A minute later Richard Donoghue’s car can be seen leaving the tennis club for home after he says he was told a child had gone missing

Moments later, Mr Donoghue’s car has disappeared down the street as he drove back to Benaroon Drive more than an hour before William’s foster mother dialled Triple-0

In an interview with a detective at Laurieton police station in February 2017, his third police interview, Richard Donoghue says he arrived at Kendall Tennis Club around 8.10am on the morning in question.

In that interview, he was shown CCTV images of himself and his car at the Kendall Tennis Club that same morning.

The interview, a second re-canvass of his original police statement in September 2014, includes a statement about why he left the tennis club that morning.

‘The reason I came to leave the tennis club what that Wendy Hudson, who I knew was a police officer, received a telephone call on her mobile telephone,’ Mr Donoghue said in the statement.

 Ms Hudson did not play tennis with Mr Donoghue at the club that morning and was not on duty at the time.

‘I saw her using the telephone. I do not know where we were standing other than being somewhere within the precinct of the tennis courts.

‘After Wendy finished the call I heard her say something to make me think there was a child missing.

‘I cannot recall if she said where the child was missing from.

‘Wendy said she was going. I cannot recall if I left before or after her, however left shortly after that call.’

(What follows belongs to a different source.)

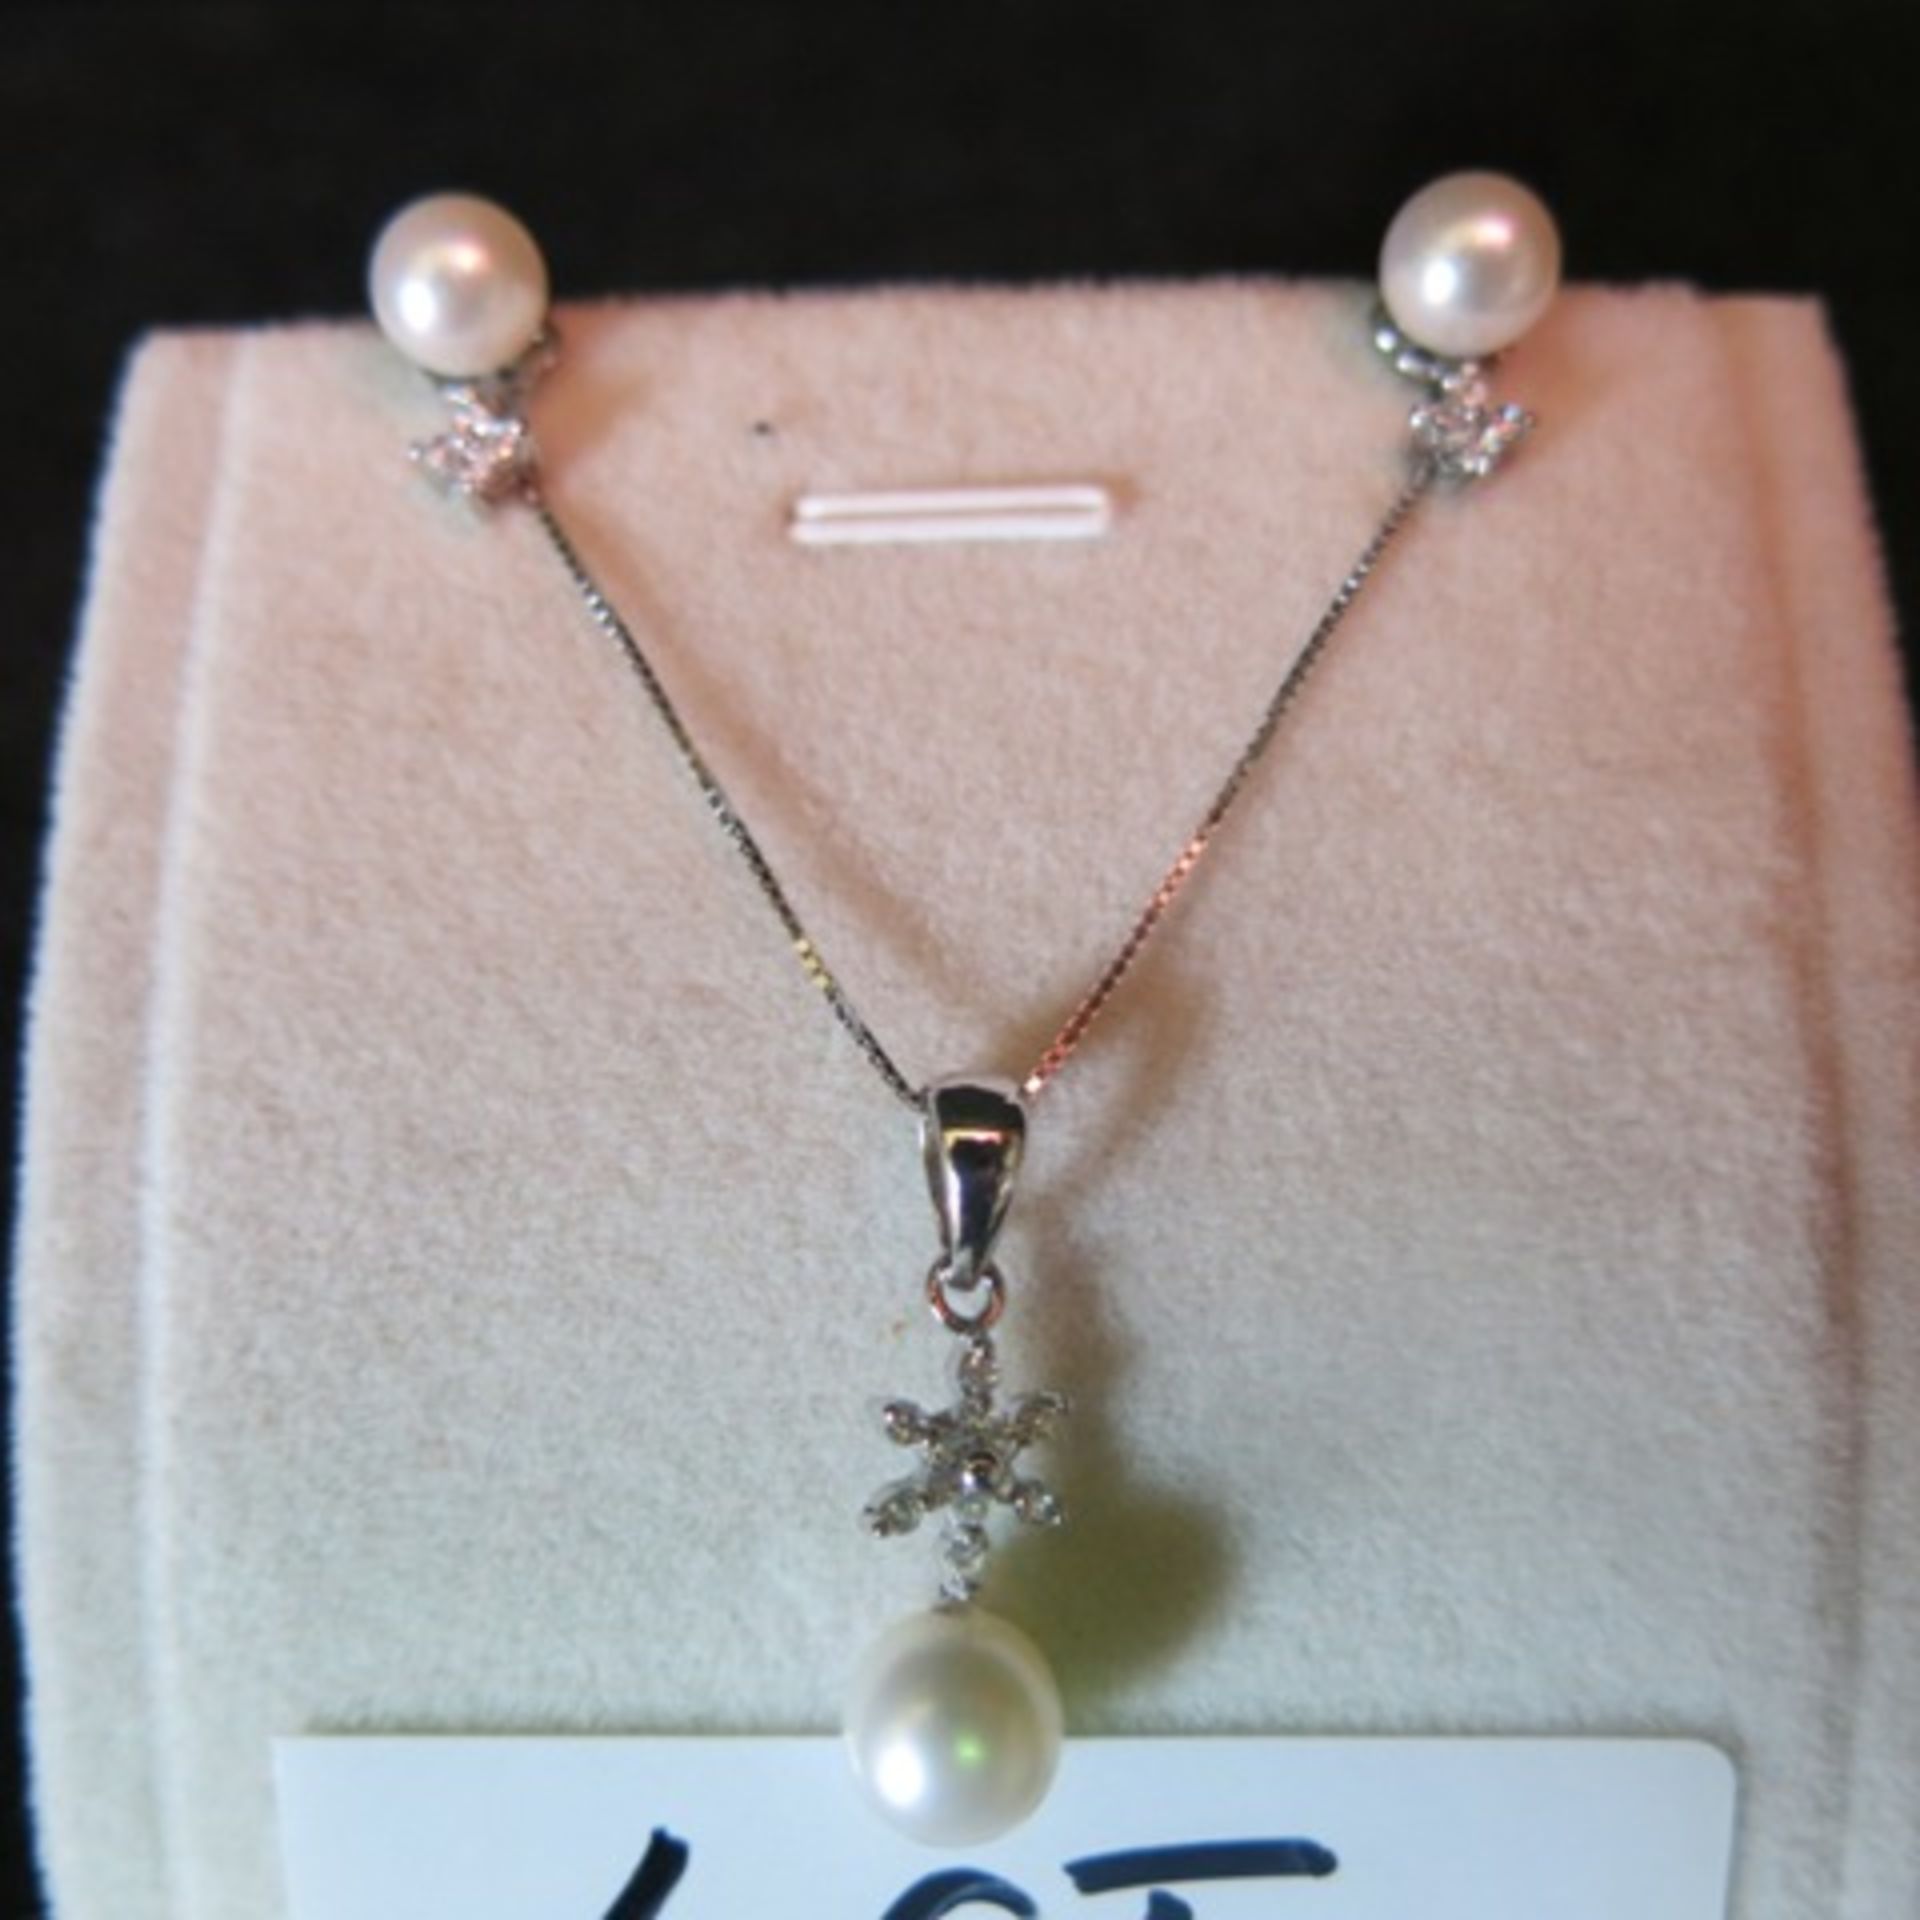 Pearl Necklace A/F & Ear Ring Set, White Metal Star Motif with CZ/Clear Stones. RRP £215.00 - Image 2 of 2

The time stamp on the iconic photo of William emitting  a playful roar shows a difference between when the picture may have been taken and the real time

The neighbour told police the foster father (above, in a police walk through at Kendall) came into his yard to search for William and seemed ‘agitated’

Mr Donoghue said that in his original statement he said he left the tennis club ‘about  10.15am’, but that he now accepted CCTV images of him show him leaving about half an hour earlier.

 ‘Detective Senior Constable Roberts has told me that the camera time is incorrect and is 9 minutes slow,’ his statement says.

 ‘Detective Roberts has shown me eight images from the CCTV system at Kendall Tennis Club time stamped between 9:32:32am and 9:34:30 on the 12th September 2014.

‘I agree that it is me in the images and that my vehicle, the stone coloured BMW, leaves the tennis club.

‘If what Detective Roberts has told me about the time difference is correct, I agree these indicate I left the tennis club about 9.43am.’

Mr Donoghue later saw a man in his yard on Benaroon Drive – who was William’s foster father – and that had influenced his belief that he had left the tennis club later than the time recorded on the CCTV cameras.

 After returning home and having a cup of tea or coffee with his wife, he saw a man enter their yard.

He believes this was around 10.45am.

In their police statements, the foster mother said William disappearance around 10.30am, the foster father arrived back from his trip to Lakewood shortly afterward and before she called emergency services.

Richard Donoghue (circled) speaks with another patron at the Kendall Tennis Club on the morning that William Tyrrell vanished from the house a few minutes up the road

The timeline of the morning that William (above left) disappeared need to be properly investigated, says child advocate Allanna Smith (above right)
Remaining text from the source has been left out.